Всякое наличие «собственного интереса» искажает посредническую миссию. Контрагентам трудно доказать, что их не дурачат, что все затевается не в личных целях. Впрочем, это недоверие остается даже тогда, когда у посредника нет явного «собственного дела». Тогда контрагенты упрекают посредника в том, что он работается на одну из сторон. Часто эти упреки раздаются со всех сторон сразу. Это издержки работы. Так же как в обсуждавшейся выше «военной» области человек должен рискнуть, чтобы довериться наемнику, в «мирной» области надо рисковать, доверяясь посреднику. Без риска нельзя. Если ты не рискуешь доверять другому, ты рискуешь еще в большей степени: ты рискуешь, доверяя себе. Во всем доверять только себе — самый неоправданный из всех видов риска.
В «военной» области он еще может пройти, но в «дипломатии» без посредника нельзя, иначе контрагент точно заподозрит обман. «Светлая мысль» должна приходить людям в голову сама или от постороннего человека (от посредника). Если же «хорошую идею» предлагает ваш реальный или потенциальный конкурент, это наводит на подозрения. Хотя, конечно, и здесь бывают случаи, когда двух контрагентов буквально тянет друг к другу, им одновременно приходит в голову мысль о взаимной полезности. И они бесконечно друг другу доверяют. И все-таки такое бывает только в примитивных сделках (по принципу: я тебе — вагон сахару, ты мне — вагон угля).

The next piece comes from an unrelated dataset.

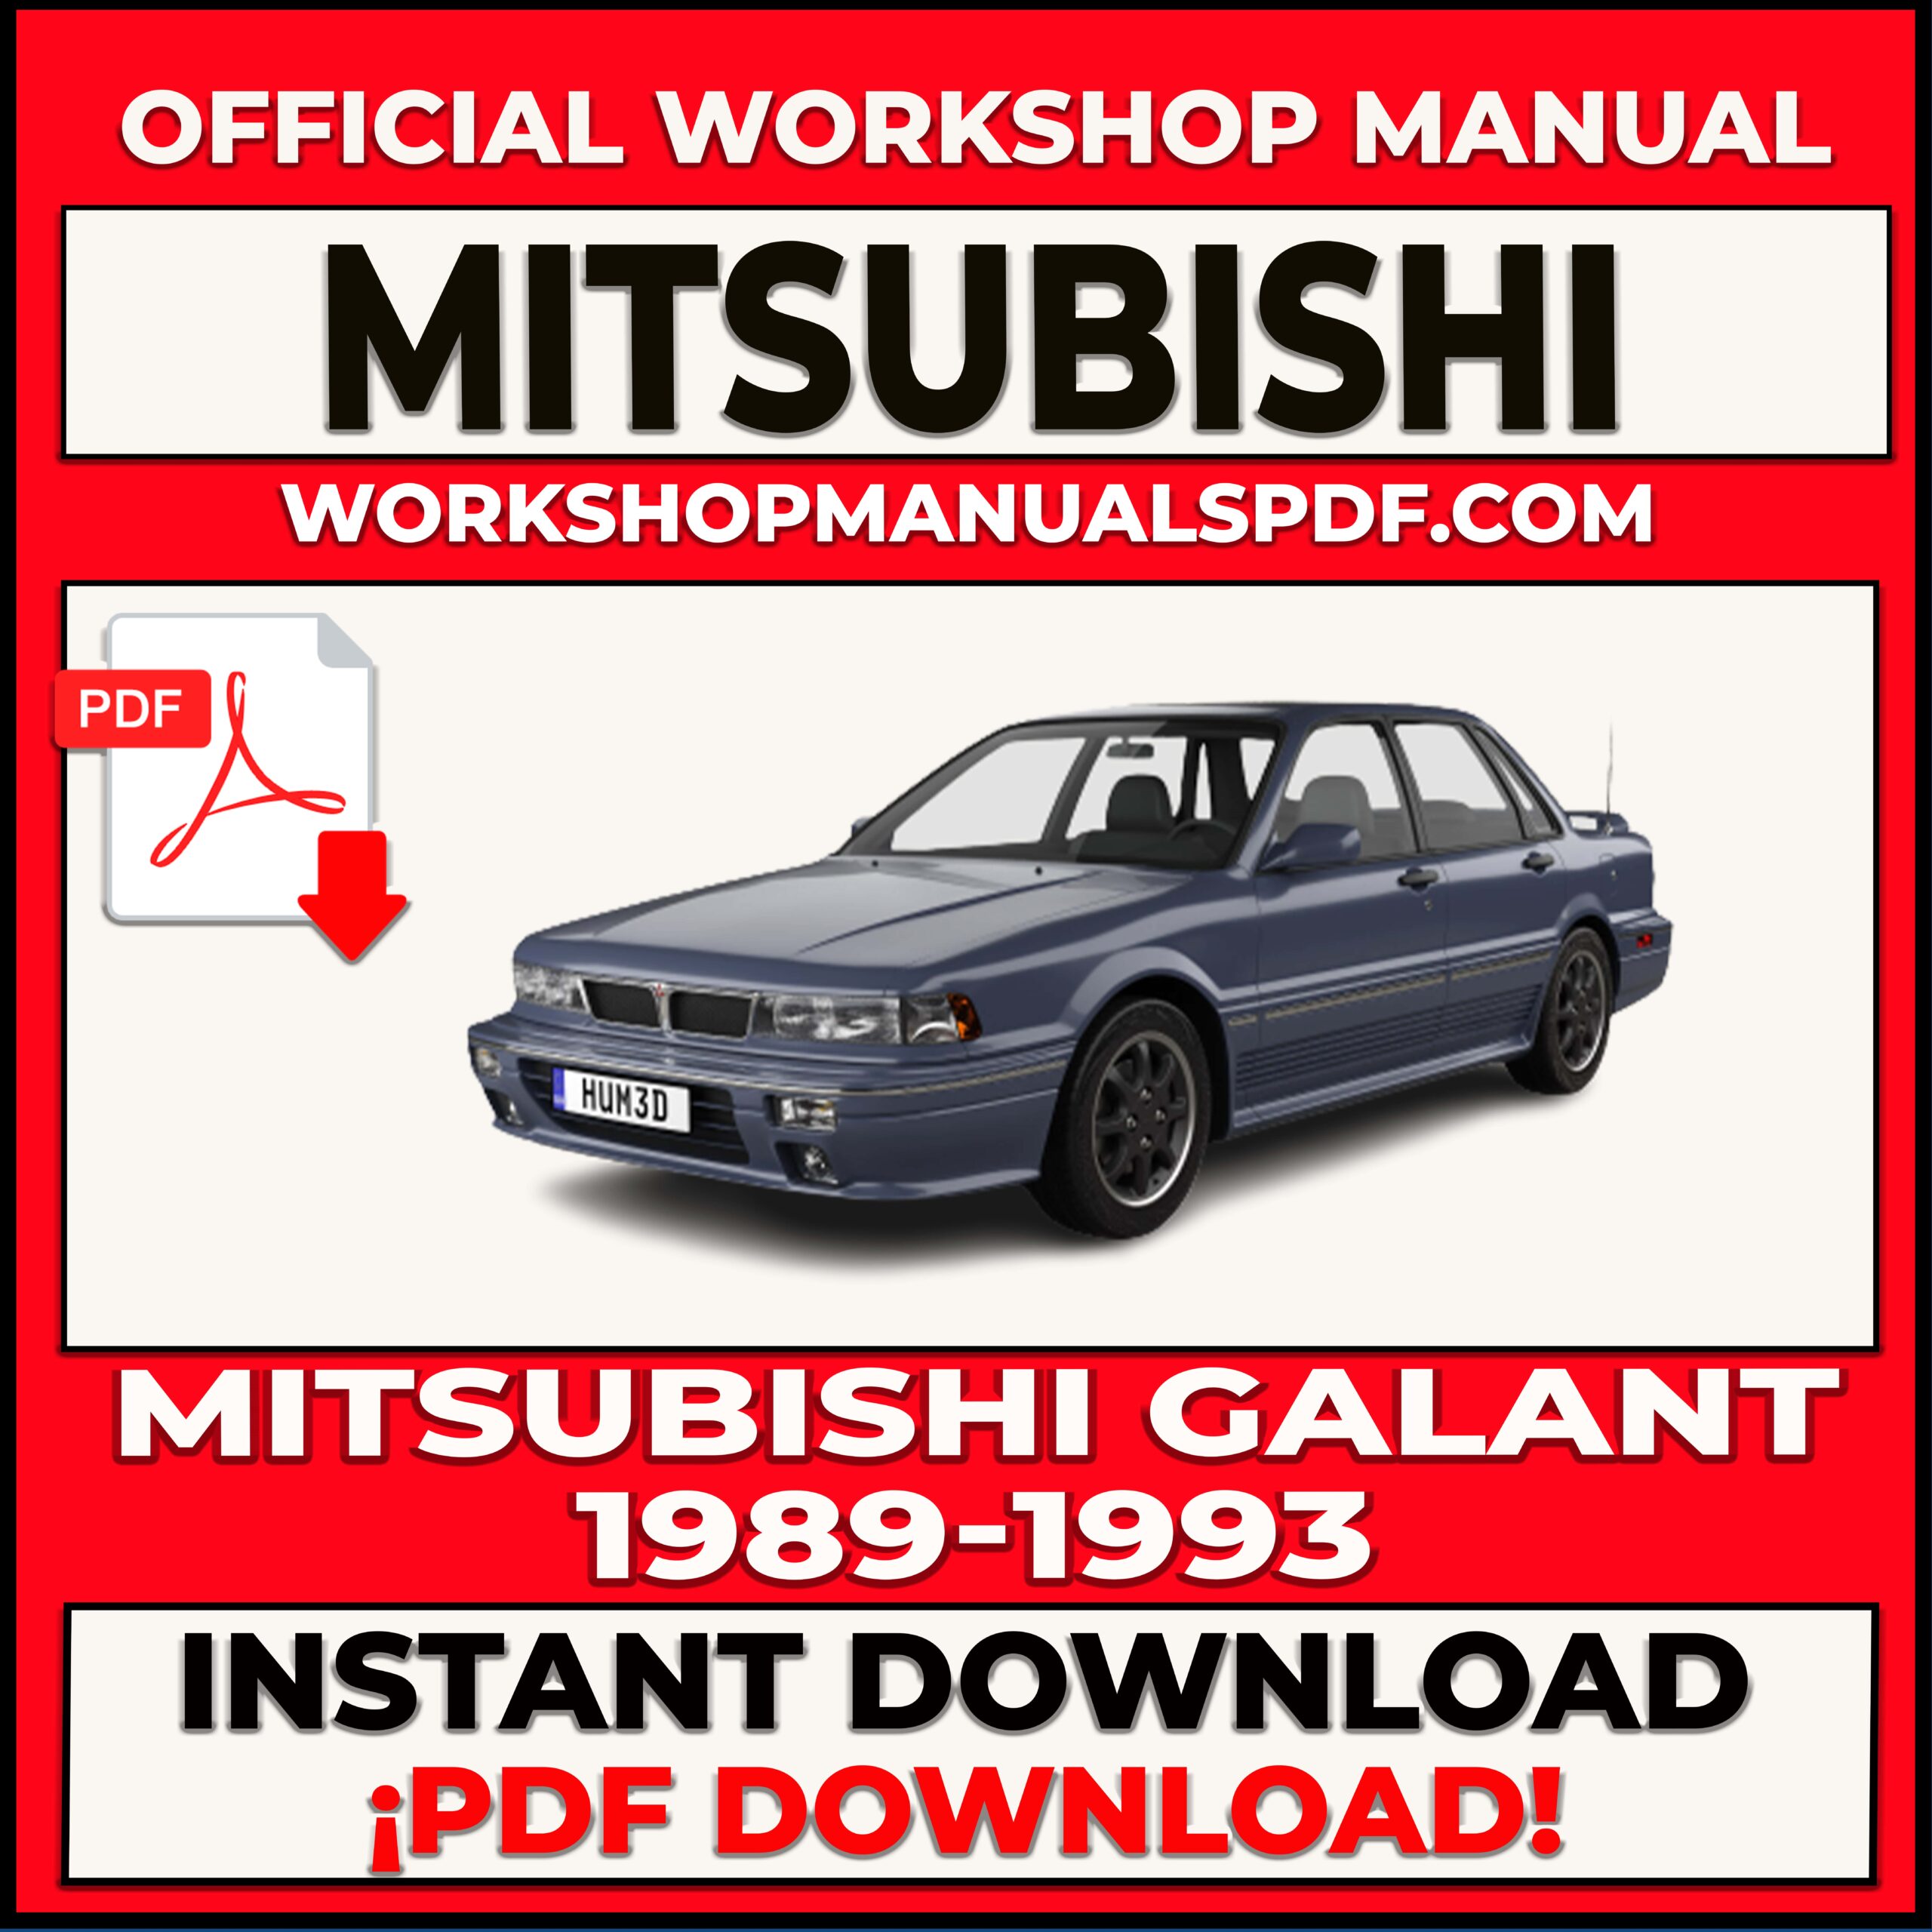 Mitsubishi Galant 1989-1993 Workshop Repair Manual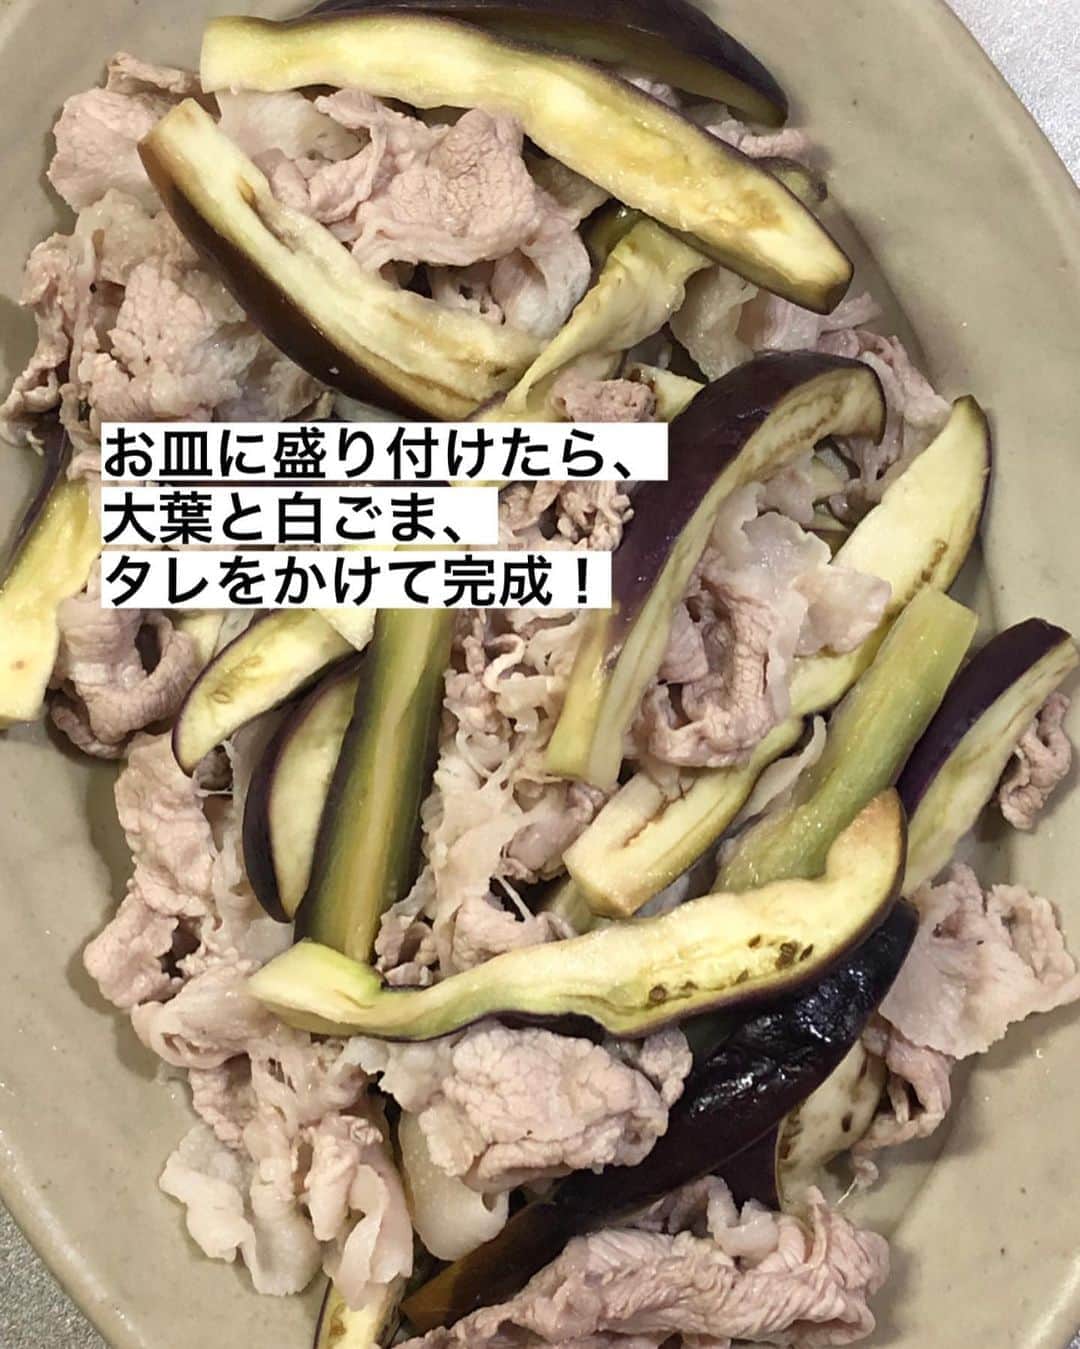 utoshさんのインスタグラム写真 - (utoshInstagram)「【カナダポーク🇨🇦🥩プレゼント企画！】﻿ バルサミコ酢でナスの冷しゃぶ！﻿ ﻿ ーーーーー﻿ ﻿ こんにちは！💁🏻﻿ ﻿ 最近投稿している僕の冷しゃぶが大好評でして…﻿ ﻿ なんと今回、カナダポークさまのご好意で、明日のインスタLIVEでカナダポークを使った2種類の冷しゃぶを作り、ライブ後、カナダポークさんのアカウント @canadapork_japan をフォローの上、カナダポークさんのアカウントに投稿される僕の料理写真にどちらが食べたいかをコメントしてくださった方の中から抽選で10名の方にカナダポークを1.5kgプレゼントしちゃおう企画をさせていただくことになりました！👏🏻👏🏻👏🏻🎉﻿ ﻿ ーーー﻿ ﻿ utoshさん考案！﻿ カナダポークを使った冷しゃぶアレンジ﻿ ﻿ どっちが食べたい？﻿ コメントで教えてね♪﻿ ﻿ 抽選で10名様にカナダポークのしゃぶしゃぶ肉1.5キロをプレゼント！﻿ ﻿ ーーー﻿ ﻿ というですね、可愛らしいタイトルをつけて頂いたんですが😂🔨﻿ ﻿ 明日のインスタLIVEで作るのは、先日投稿した「粒マスタード酢のブロッコリー冷しゃぶ」と、この「バルサミコ酢のナスの冷しゃぶ」です！﻿ ﻿ まとめると﻿ ﻿ ①明日、僕のインスタライブを見る﻿ ﻿ ②カナダポークさんのアカウント @canadapork_japan をフォロー﻿ ﻿ ③カナダポークさんのアカウントに投稿されるキャンペーン画像に、LIVEで作った冷しゃぶのうち「どっちが食べたいか」をコメント﻿ ﻿ →抽選で10名の方にカナダポーク 1.5キロプレゼント！﻿ ﻿ という、夢のような企画です！﻿ ﻿ ぜひ参加してみたいという方はこの投稿によコメントください！﻿ ﻿ ぜひぜひお待ちしております！😄﻿ ﻿ ーーーーーー✂︎ー﻿ ﻿ ﻿ それから、プレゼント企画をやる前に知っておいて欲しい事があります！﻿ ﻿ それは〈カナダポークの安心、安全について〉です。﻿ ﻿ ﻿ カナダ産豚肉（カナダポーク）は安心安全な7つの約束があるんです。﻿ ﻿ 実は、今現在、日本に入ってきているカナダ産豚肉は、いわゆる成長ホルモンを使っていません。この部分で外国産のお肉を買わないという人も安心して食べることができる豚肉になっています。﻿ ﻿ これは僕たちの安全でもありますが、豚たちも体の負担が少ないやさしい決まり。﻿ 肉として扱うのではなくて、きちんと生き物として行き届いた飼育をしていこうというアニマルケアの一つでもあります。﻿ ﻿ ﻿ こういった約束はカナダの畜産農家産たちが自分たちで動いて作った国の企画なんですって。﻿ だから安心して食べることのできるお肉になってます。﻿ ﻿ ー﻿ ﻿ 今、世界はサスティナブルの方向に大きく動いています。﻿ 日本も取り残されないように頑張らないといけないですね。﻿ ﻿ ﻿ ー✂︎ー﻿ ﻿ ﻿ ✔️〈このレシピのポイント〉﻿ ﻿ ・茹でる時に弱火にしてコップ一杯の水を入れて温度を下げてから茹でると柔らかく茹でることができます。﻿ ﻿ ・茹でたらザルにあげて、冷水につけるのではなく、少量の酢水でさっと絡めてあげるだけでOK。﻿ ﻿ ﻿ ﻿ レシピはこちら↓﻿ ＿＿＿＿＿﻿ ﻿ バルサミコ酢でナスの冷しゃぶ（2人分）﻿ ﻿ 【材料】﻿ 〈カナダポーク〉﻿ 薄切り肉 200g﻿ ナス 2本﻿ 大葉 2枚﻿ ﻿ A（冷しゃぶ用）﻿ お酢　大さじ1﻿ 水　大さじ3﻿ ﻿ B（ドレッシング）﻿ バルサミコ酢　大さじ1﻿ メープルシロップ 小さじ1﻿ （たまに甘いバルサミコ酢があるので、そういう時は入れなくていい） オリーブオイル 大さじ1﻿ 塩 小さじ1/4程度﻿ ﻿ 〈トッピング用〉﻿ 白ごま　適量﻿ ﻿ ﻿ 【作り方】﻿ （1）（1）ナスを縦に8等分に切り、600Wのレンジで4分加熱する。大葉を千切りにする。Aのお酢と水を合わせておく。Bのドレッシングを作っておく。﻿ ﻿ （2）お湯を沸かした鍋にコップ一杯の水を入れ、温度を下げて豚肉を入れ、ゆっくり豚肉を茹で、とりだしたらザルにあげ、Aを回しかけ冷ます。﻿ ﻿ （3）お皿に1のナスと2の冷しゃぶを盛りつけ、大葉と白ごまを振り、Bのドレッシングをまわしかけたら完成。﻿ ﻿ ﻿ ＿＿＿＿＿﻿ ﻿ ぜひ作ってくださいね！﻿ No local No food おいしく楽しく！﻿ ﻿ ﻿ #冷しゃぶ #カナダポーク #カナダポークでおいしくなぁれ﻿ #スタートUPレシピ #スタートアップレシピ #ややはつレシピ #在宅楽飯﻿ ﻿ #おうちごはん #レシピ #時短料理 #簡単レシピ #献立 #お家ご飯 #フーディーテーブル﻿ #japanesefoods #やさしい飯」8月26日 10時50分 - utosh

Человек, занятый собственным делом, как правило, так сосредоточен на нем, что хитроумная долгосрочная комбинация с вовлечением в орбиту множества других людей, редко приходит в голову. Нужно иметь свободное время и, опять-таки, свободный ум, чтобы сочинять такие схемы. Этим и занимается политический консультант.
Все вышесказанное, между прочим, посвящено не только той мысли, что политические консультанты по своей сути не могут и не должны институционализироваться, но так же проливает свет на то, почему политические консультанты, разбираясь в политике больше, чем сами политики, политиками не являются. Как только это происходит, «свобода», принадлежащая самой сути консультантского существования, исчезает. Консультант не сможет больше быть ни эффективным «военным», ни эффективным «дипломатом».
С другой стороны, возникает вопрос: пойдет ли на пользу обществу, если все политики станут политическими консультантами, все станут свободными наемниками и дипломатами, без «собственного» интереса, с тотальным перекладыванием ответственности на других? Или должны быть и те и другие? И где мера?